On debug I can see that the counter-increment shortcode is returning the correct integer value but after the wp_kses_attr_check returns false, wp_kses_one_attr returns empty string and the returned shortcode content is :
... <a href="#"></a> ...
#4
@
9 years ago
- Keywords close removed
In addition I could not find a way to generically whitelist the data-attributes. One needs to hook into the wp_kses_allowed_html filter to register explicitly data attributes for specific elements which seems quite complicated for the shortcodes example.
#5
follow-up:
↓ 6
@
9 years ago
- Milestone Awaiting Review deleted
- Resolution set to invalid
- Status changed from new to closed
Please see the explanation at https://make.wordpress.org/core/2015/07/23/changes-to-the-shortcode-api/
#6
in reply to:
↑ 5
@
9 years ago
Replying to miqrogroove:
Please see the explanation at https://make.wordpress.org/core/2015/07/23/changes-to-the-shortcode-api/
Please note that in the link supplied there is no mention of html data attributes beeing excluded and there should be a mention somewhere in the documentation that they are considered unsafe.
#7
@
9 years ago
- Resolution invalid deleted
- Severity changed from normal to major
- Status changed from closed to reopened
Can we please reopen this? This looks like a bug to me, and not explained by the API changes. For example, if I use something like this:
<a href="[the-link]" data-trigger="[button-trigger]">[button-name]</a>
Then the shortcode inside the data attribute is not longer processed, but the others are. The shortcodes should be processed inside a data attribute, just as they are inside an href.
#10
@
9 years ago
- Milestone Awaiting Review deleted
- Resolution set to wontfix
- Status changed from reopened to closed
At the 9 September meeting, participants agreed to close this ticket because fixing it would require a reversion of a previous security patch and would involve generally unwanted changes to the Shortcode API.

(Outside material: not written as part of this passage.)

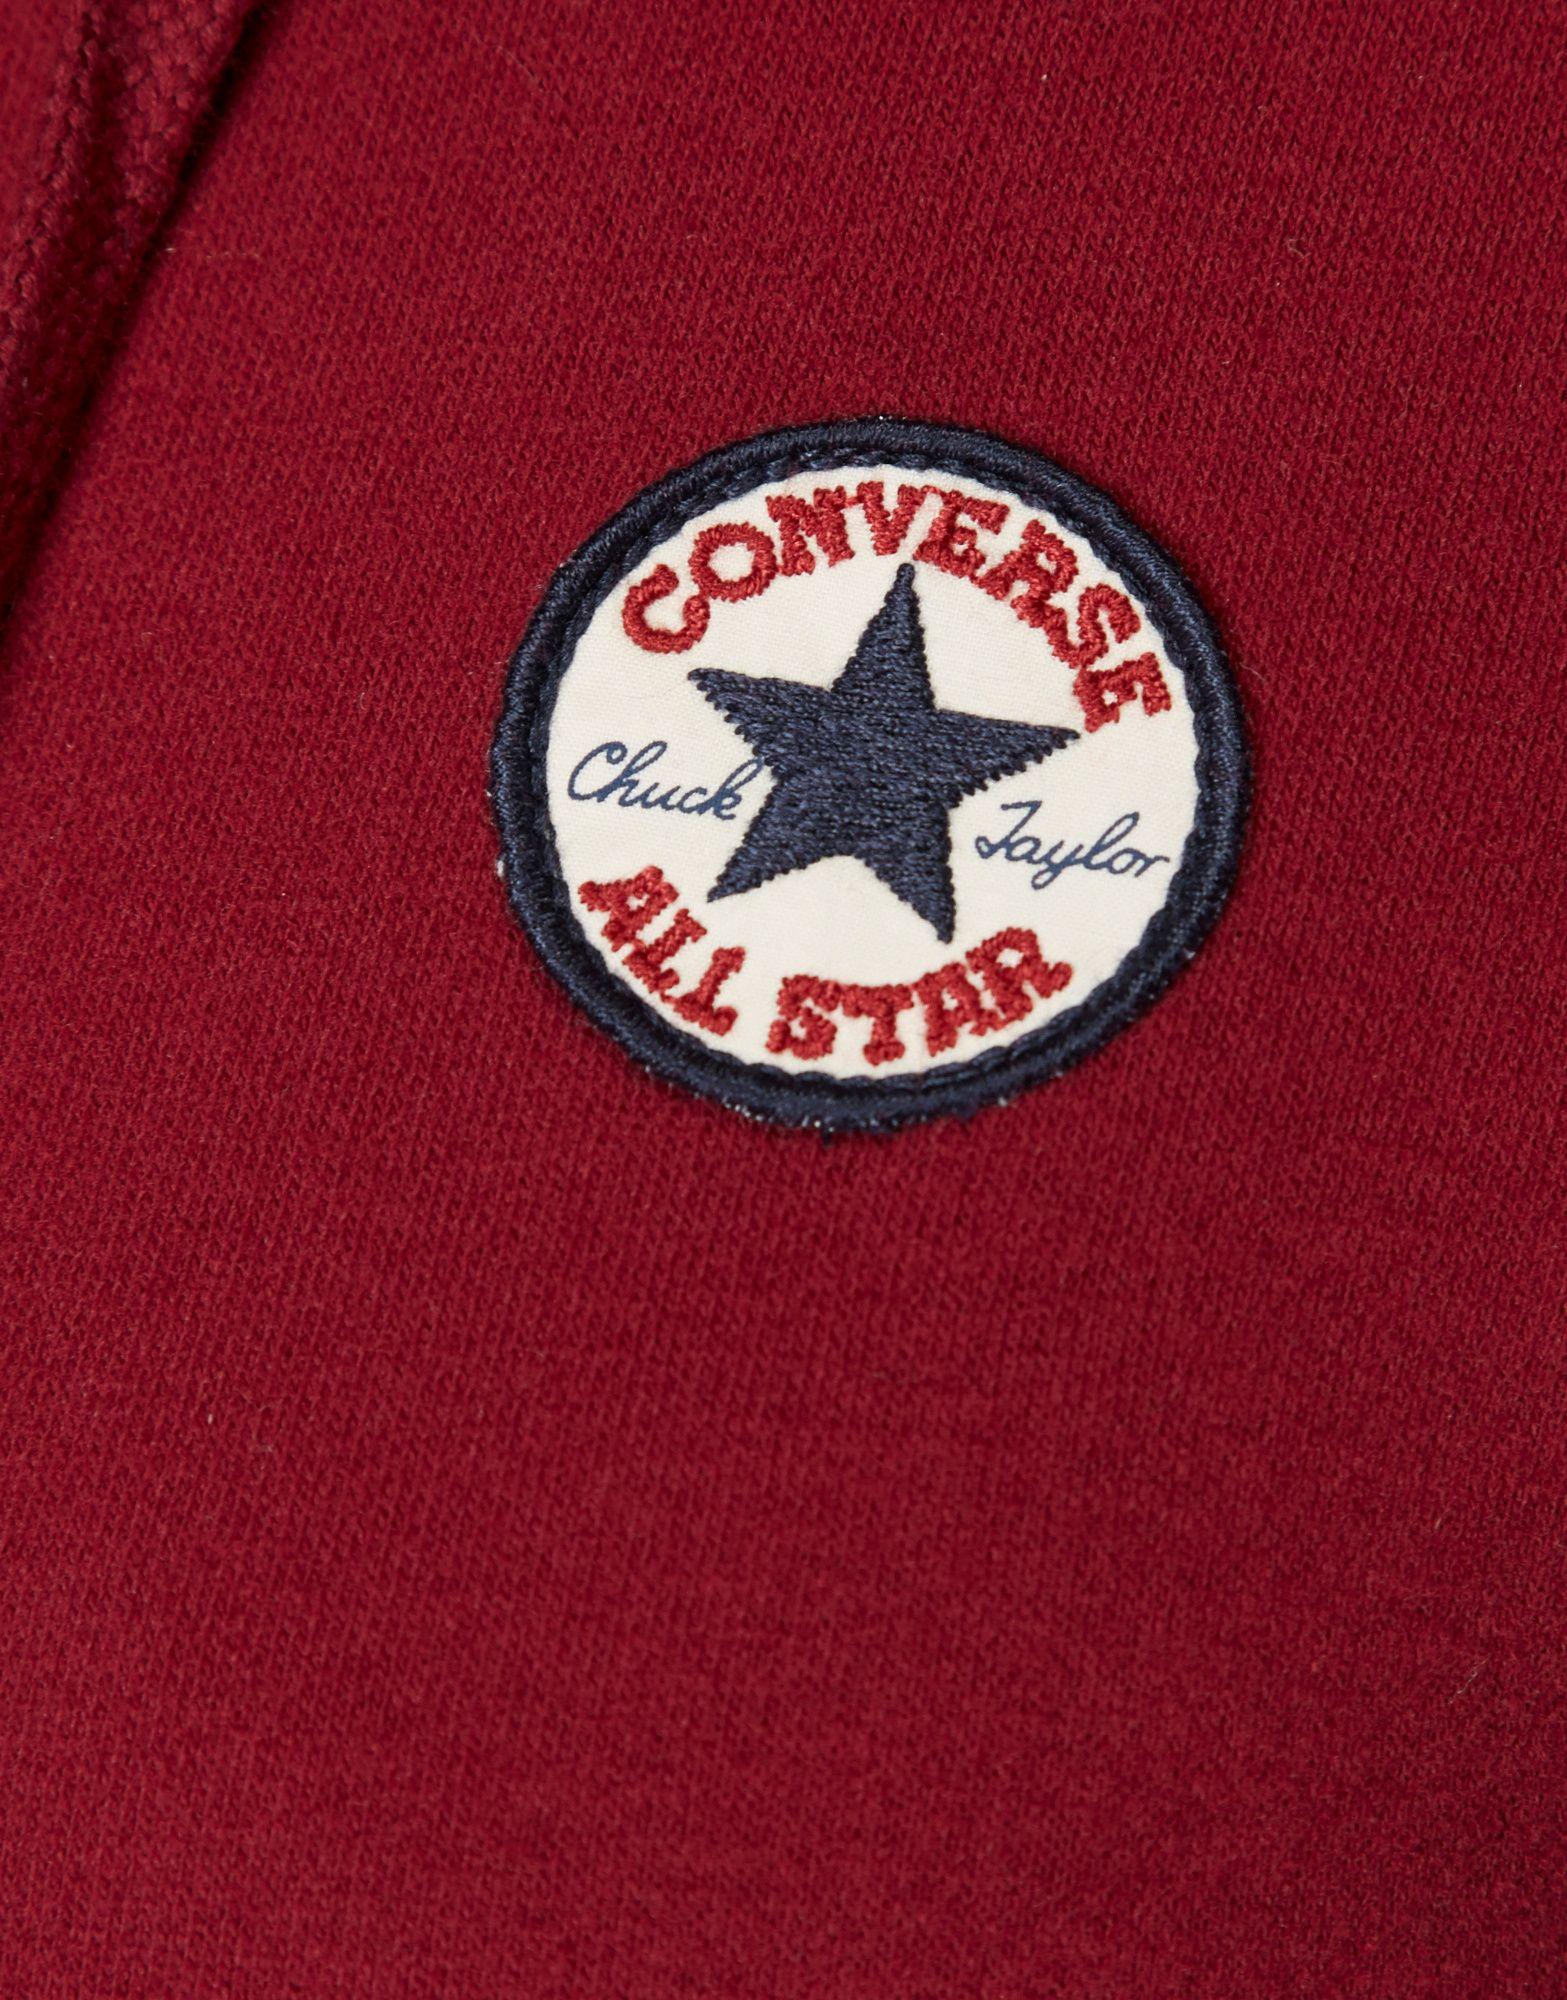 Converse Chuck Patch Hoody

For details, please see https://make.wordpress.org/core/2015/09/29/shortcode-roadmap-draft-two/
#11
@
6 years ago
- Keywords needs-patch needs-unit-tests added; close removed
- Milestone set to 5.0
- Resolution wontfix deleted
- Status changed from closed to reopened
Reopening, as data-*
attributes will need to be allowed by KSES for several default Gutenberg blocks.
#12
@
6 years ago
- Component changed from Shortcodes to Editor
- Keywords has-patch added; needs-patch removed
In 33121.diff:
- Allow
data-*
attributes. Needs to be set asdata-*
when adding it, not to be mixed with the HTML 4.0data
attribute (https://www.w3.org/TR/html40/struct/objects.html#adef-data). - Add
data-*
to all elements by default.
Wondering if we should pass the restrictions (array of possible values) or just short circuit as soon as we match a data-*
attribute. The thing is that the restrictions will apply to all data attributes in the element, not to a specific attribute.
#13
@
6 years ago
In 33121.2.diff: also, do not override a specifically set data-something
attribute.
#14
@
6 years ago
- Keywords has-unit-tests added; needs-unit-tests removed
In 33121.3.diff I've taken a quite different approach:
- Removed hard coding of
data-
prefix, any wildcard can be added in_wp_add_global_attributes()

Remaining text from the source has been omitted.